Understanding Chronic Kidney Disease and Its Causes

Chronic kidney disease (CKD) means your kidneys are not functioning optimally due to extended damage and cannot filter blood. Managing this ailment requires dedicated care from one or more qualified physicians. Tsegaw E Egziti M.D and his team at Houston Kidney Specialist Center help patients battling chronic kidney ailments.

A patient suffering from chronic kidney disease will present the following symptoms:

  • Nausea
  • A decline in mental clarity
  • Shortness of breath
  • Chest pains
  • Sleeping disorder
  • Frequent urination
  • Loss of appetite
  • Swollen feet
  • General fatigue¬†

The symptoms vary from one patient to the next, and they could also be indicative of other common problems such as stress disorders. If you suspect something is amiss, consult your family physician for a checkup and testing.

What are the causes of chronic kidney disease?

The leading causes of CKD are hypertension and diabetes. These and other causative factors are discussed as follows:


Type 1 or Type 2 diabetes occurs when your blood sugar is so high that your body cannot effectively regulate it. People genetically predisposed to Type 1 diabetes will notice it early in life, while type 2 diabetes is mainly attributed to lifestyle choices.

When diabetes is not managed correctly, your kidneys suffer so much damage that their function of filtering waste and extra fluid from blood is not possible. If there is no intervention or the patient fails to respond to treatment, diabetes can wreak havoc in other organs. The heart, kidney, liver, eyes, etc., damage over time and launch new medical problems.


Hypertension or raised blood pressure is when the blood flowing through blood vessels consistently has high pressure. This disease is severe and can heighten the risk of heart, kidney, brain, and kidney problems. According to the World Health Organization, 1.13 billion persons suffer from hypertension across the globe.

The causes of hypertension include a diet laden with salt, fat, and cholesterol. Family history also makes one susceptible to this ailment and problems with hormone regulation. People who live a sedentary lifestyle are also likely to suffer from hypertension.
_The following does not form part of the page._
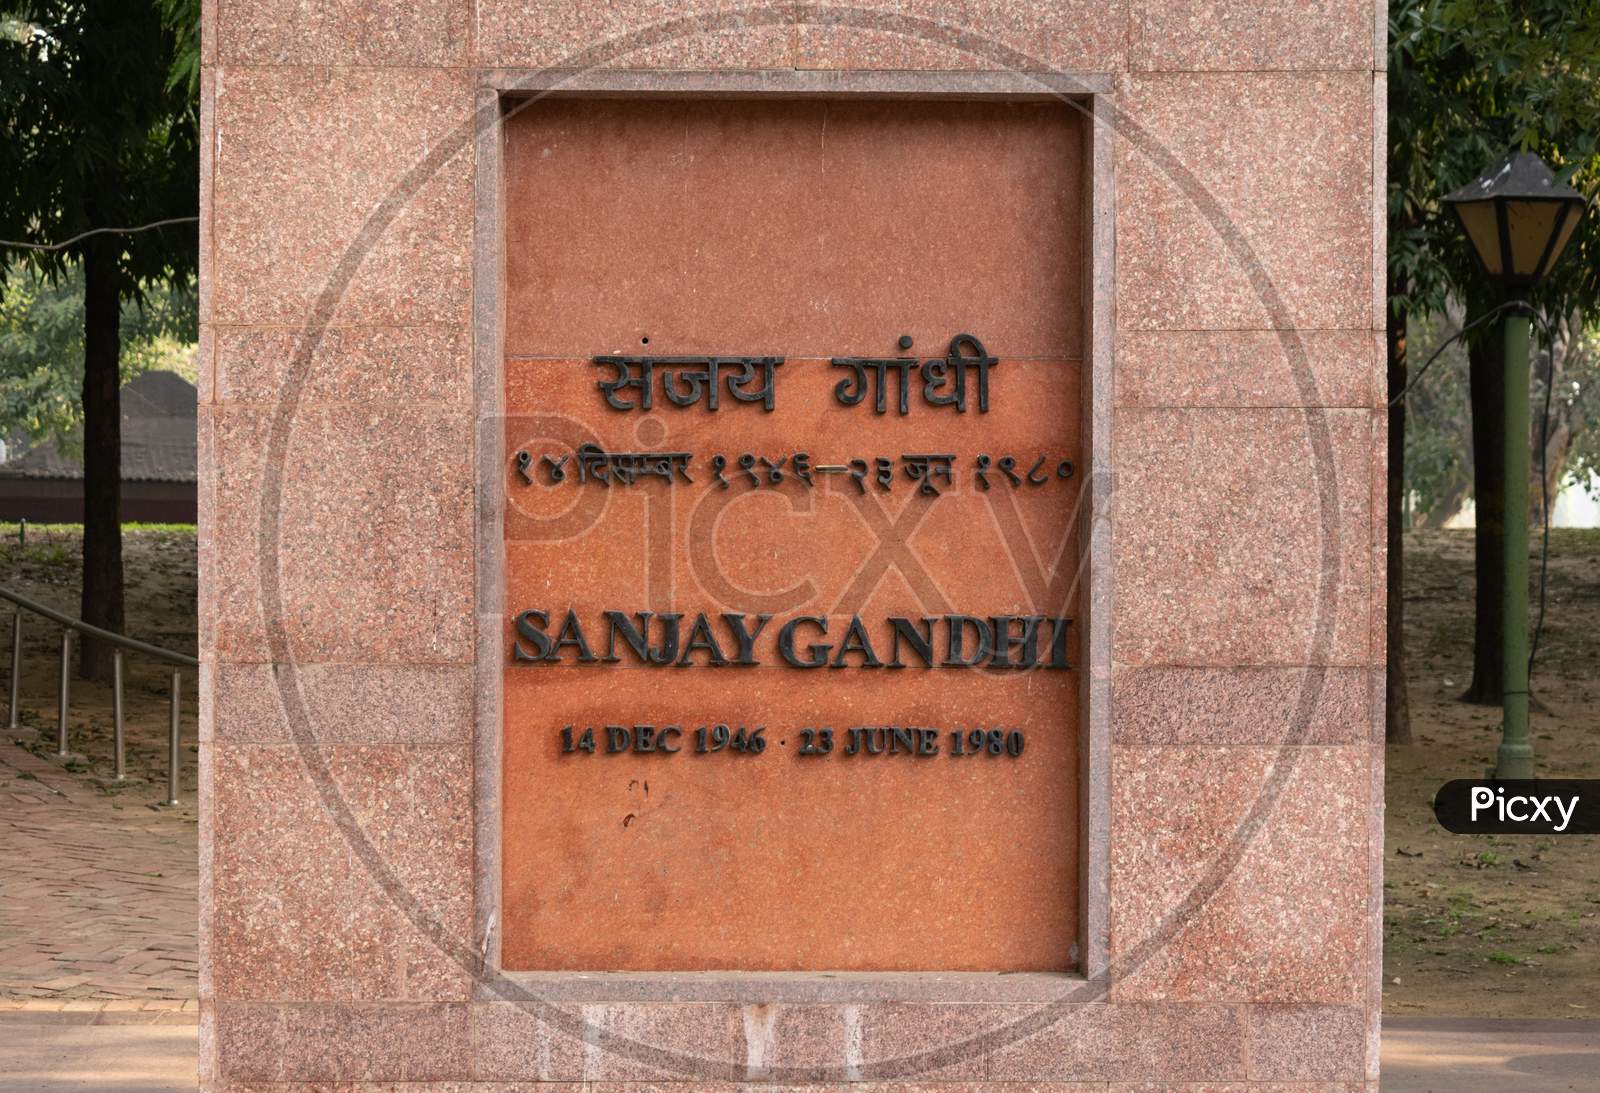 Samadhi of Sanjay Gandhi
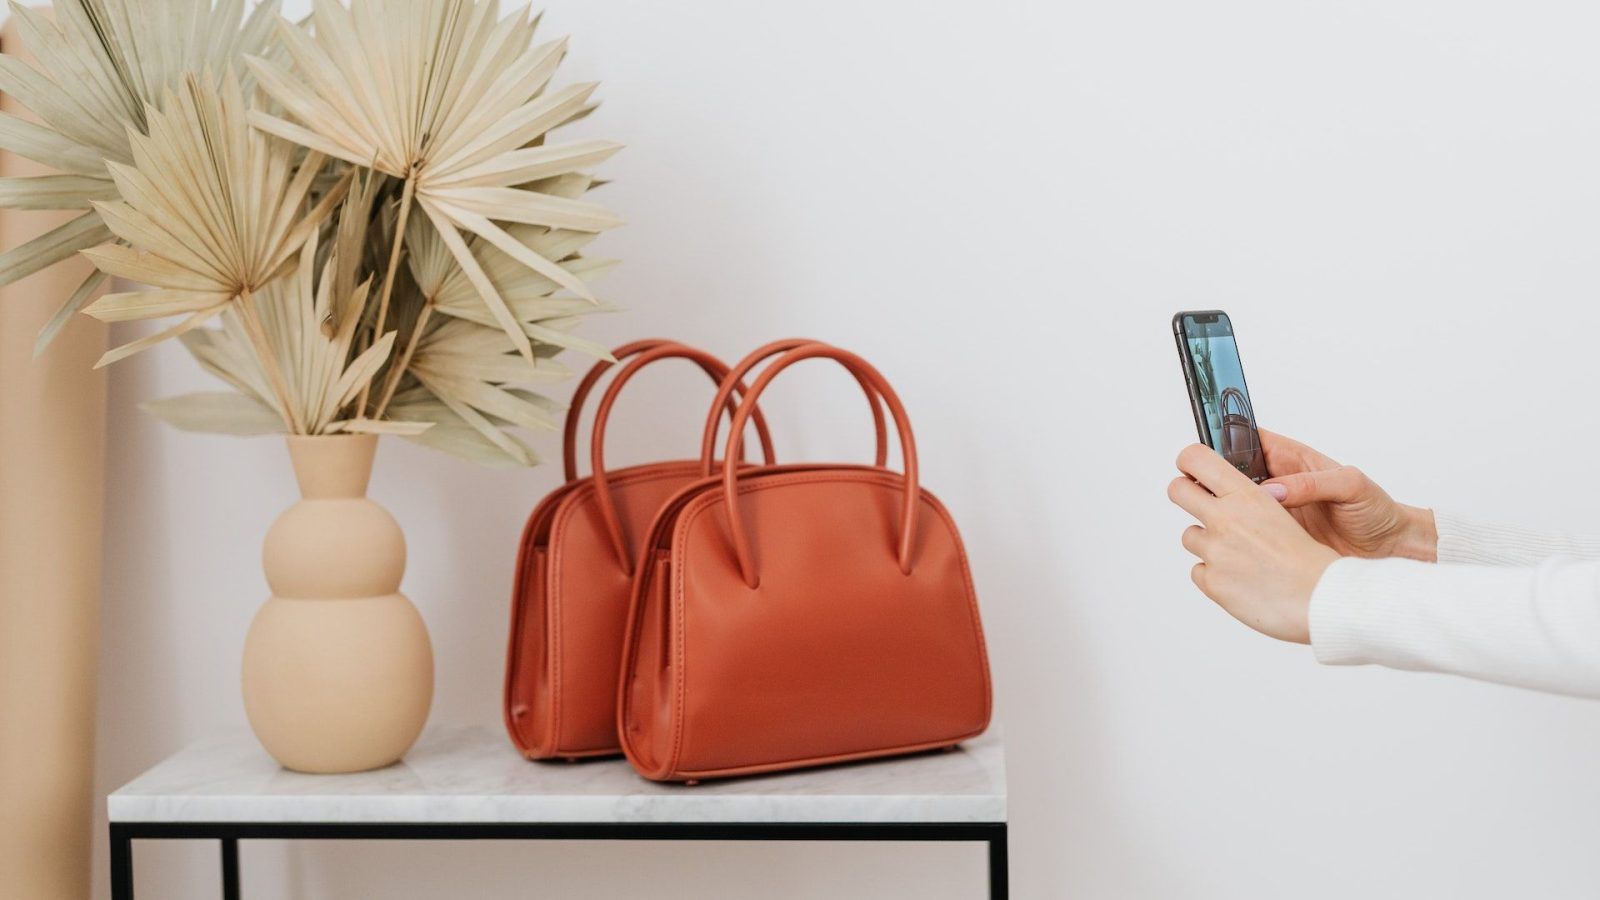 Best handbags online: Top websites to find your next purse

People who are overweight and cannot shed off the extra pounds become obese, exposing them to many health problems. The U.S. Department of Agriculture (USDA) noted that average Americans now consume nearly 20% more calories than in the 1980s. A boom in meat consumption is to blame, among other factors. If your body mass index is imbalanced, you could suffer kidney disease sooner than later.

Urinary obstruction

Extended urinary tract obstruction due to kidney stones or an enlarged prostate can eventually lead to chronic kidney problems. Battling certain kinds of cancer at whatever stage can also trigger urinary obstruction.

If you are suffering from kidney disease, you must consult a certified physician immediately. They will perform a series of tests and recommend a viable line of treatment. Being at the hands of a specialist works in your favor because they will observe your progress and amend therapy if necessary.